As for the linear sequence, I say leave it where it is, especially if more is soon on the way. Within Spizella it leads. I’m not enamored in placing it between Passerella and Zonotrichia. I find nothing about the habits and vocalizations of Passerella to be remotely suggestive of American Tree Sparrow. Placing it near Zonotrichia seems slightly less objectionable. But…I’m not sure if behavior, vocalizations, etc. count for much these days. Anyway, the suggestion of a relationship to Junco is interesting. I would often see American Tree Sparrows with juncos in the Midwest (central Ohio), but then there weren’t many other sparrows to choose from in mid-winter. More interesting from my perspective is that in California where American Tree Sparrow is rare, I have often found them with juncos and not with other sparrows which do abound, especially gambelii White-crowned Sparrows. I’ve not seen them with other Spizella species either, although most have left by the time American Tree Sparrows first arrive (late October, more by early November). And American Tree Sparrows do show a fair amount of whitish in those outer tail feathers…. So if to be moved now, I’d favor placing the newly erected genus between Zonotrichia and Junco.

Now that we have erected a new genus for a North American sparrow, I’ll just politely suggest again that Five-striped Sparrow, currently placed within Amphispiza, has no business there. Its behavior and all vocalizations bear no similarity to the other member of that genus, A. bilineata. It wouldn’t hurt to have one more montypic genus (or actually it would be two).


2015-A-7: Split Passerina pallidior from Painted Bunting P. ciris

NO. Other comments are very thorough and persuasive.

NO. The differences in molt and migration are interesting, but I agree with others that these taxa are best recognized as subspecies for now.

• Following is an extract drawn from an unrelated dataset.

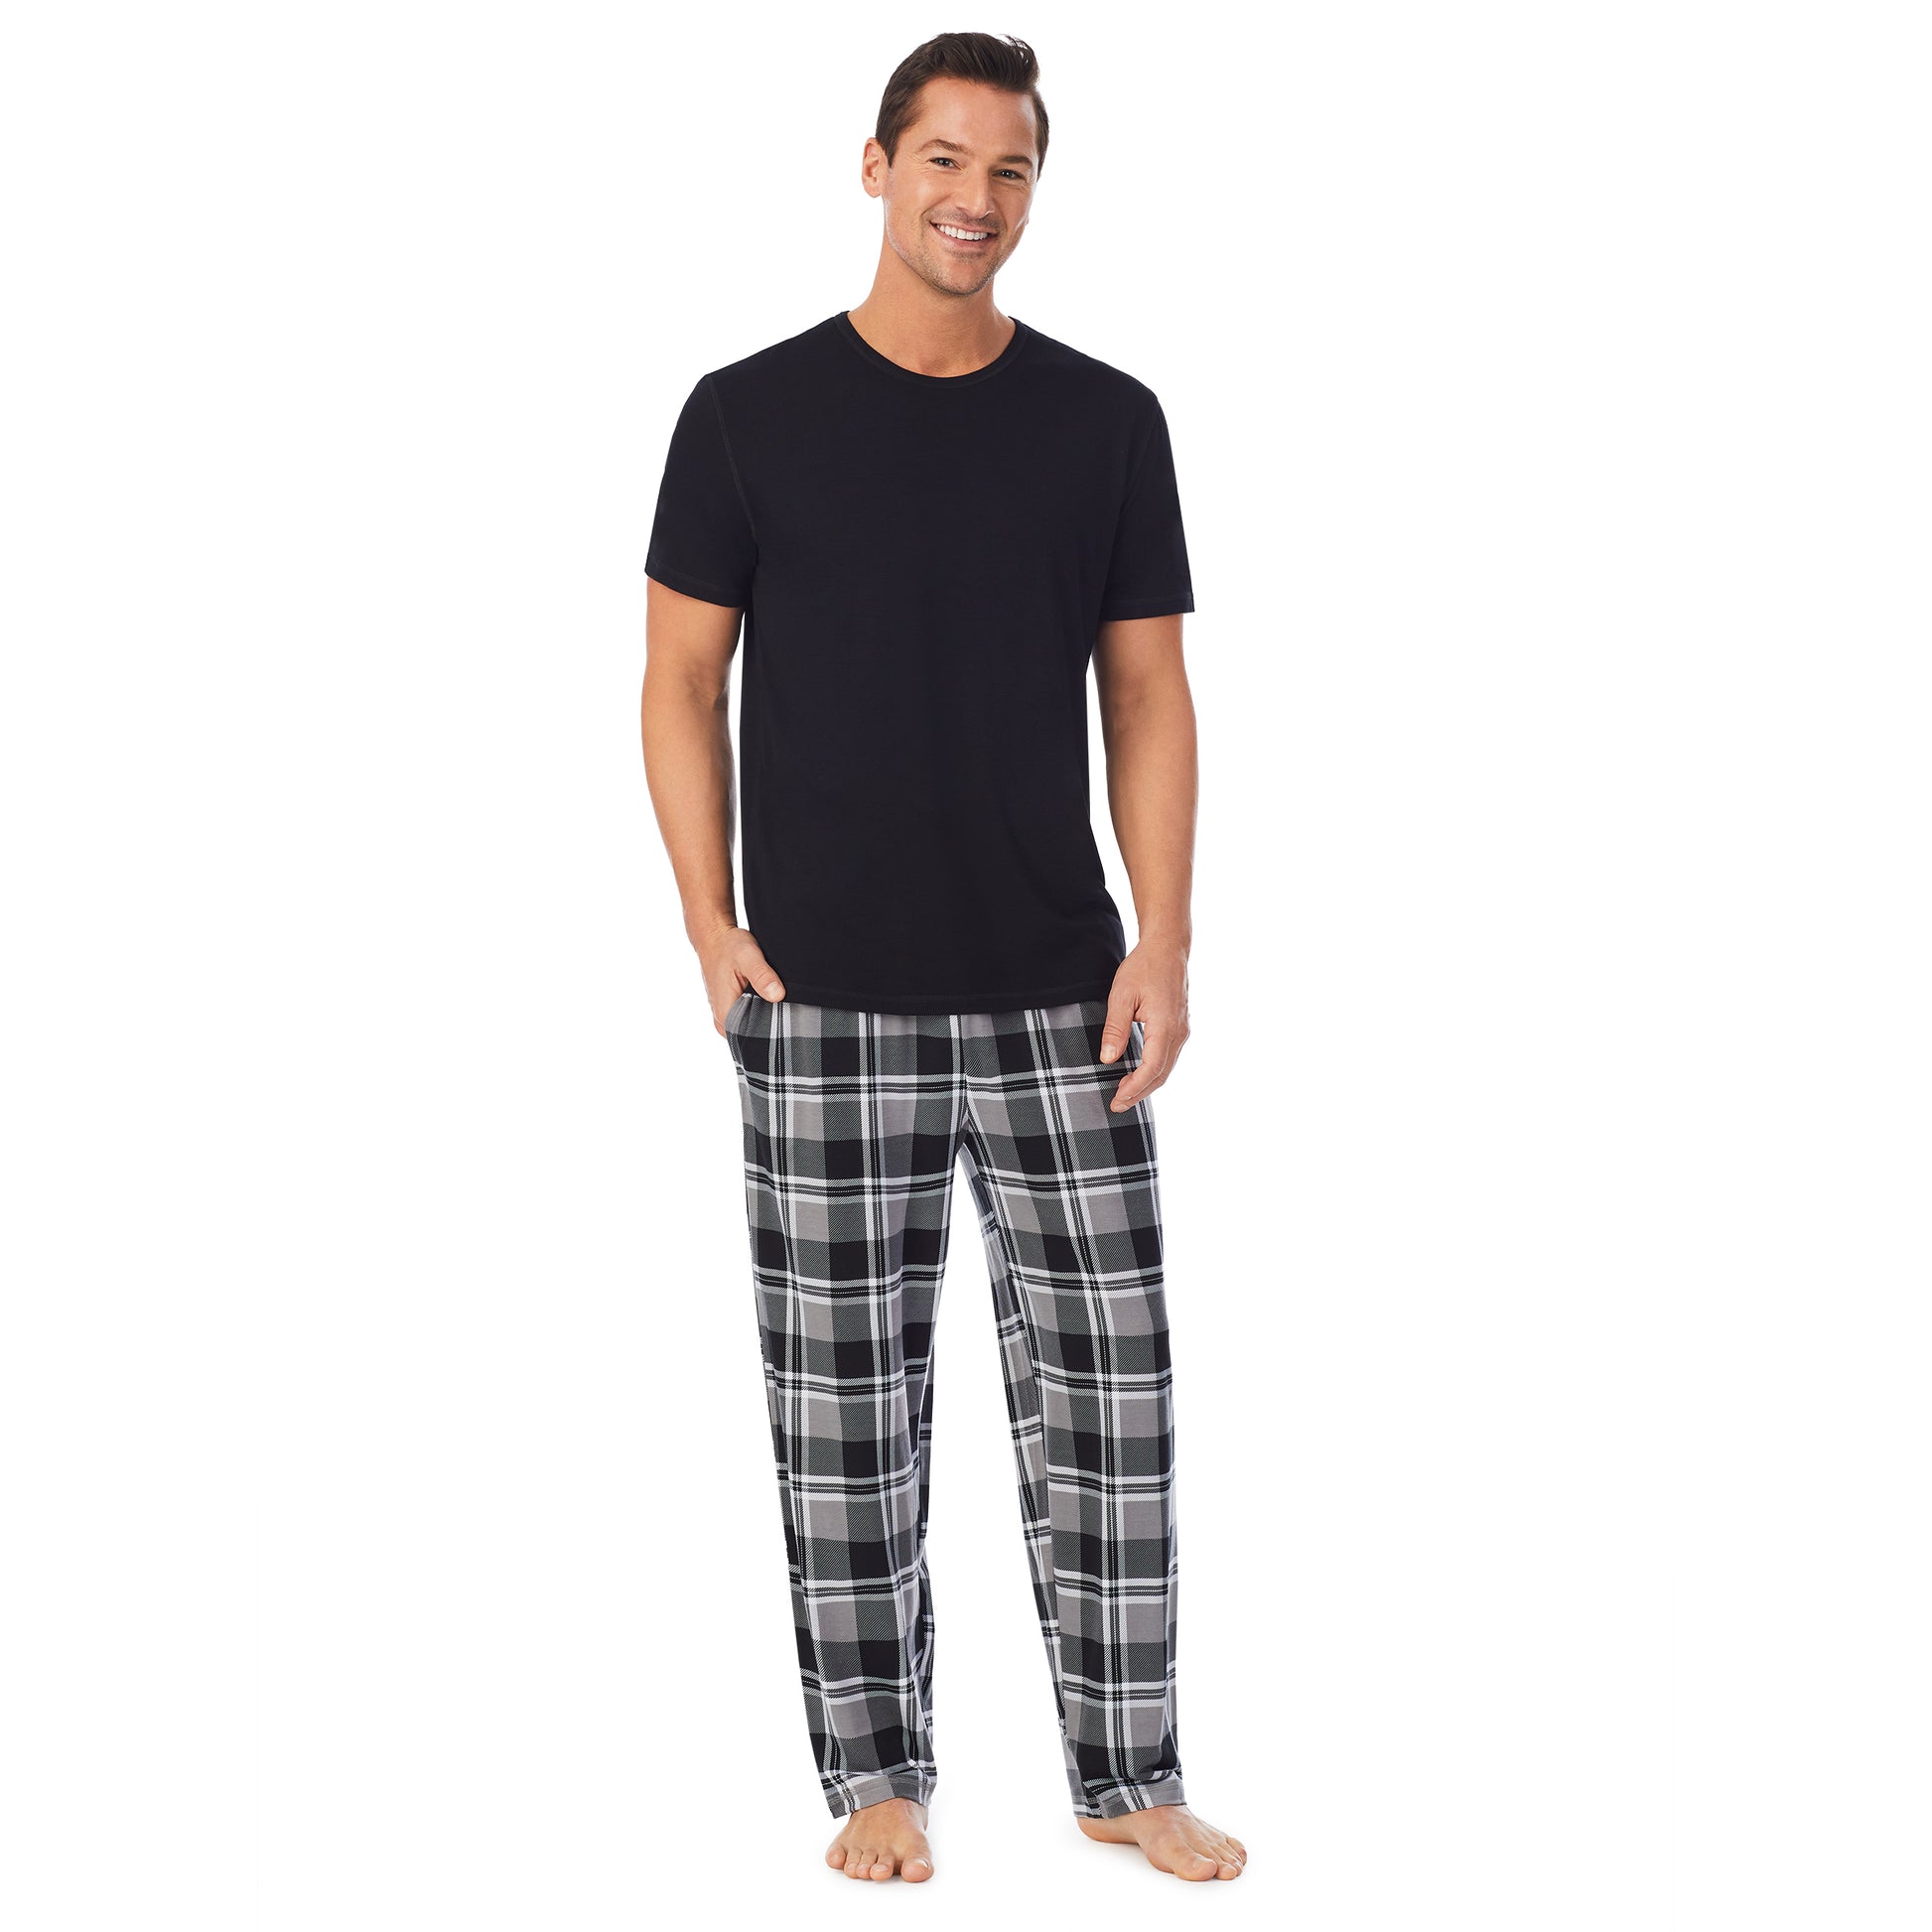 Red Plaid;Model is wearing size M. He is 6'2", Waist 32", Inseam 32".@ A lady wearingMens Short Sleeve Crew Neck Top and Pant Pajama Set with Red Plaid print

NO. I read through the proposal before I read other comments, and largely came to the same conclusions. The evidence presented does not show reproductive isolation between the two populations. The molt differences could surely lead to lower fitness of hybrids, but this has to be shown in at least one case before it can be used as a criterion to imply species level differences. Given that the morphological break between subspecies is different than the break between populations, a lot more field work is necessary to show reproductive isolation. I had no idea that Painted Buntings may be breeding in the large gap between the two populations. I am more and more impressed with the utility of eBird.

NO. The proposal is not very clear about the nature of the genetic differentiation described in the Herr et al. 2011 paper, which it cites as one of the main reasons for this split. I looked back at that reference and it is based only on ND2 mitochondrial data. The IM analysis in that paper suggests little current mitochondrial gene flow between the Atlantic and Gulf Coast populations and the haplotype network is clearly non-random, yet the most common (probably ancestral) ND2 haplotype is found in both populations, and there are various other connections in that network that have to result from either gene flow or very recent divergence. In other words, even in mtDNA these forms are not cleanly or highly differentiated. This seems to me to be an appropriate level of (weak, but real) differentiation to recognize at the subspecies but not species level.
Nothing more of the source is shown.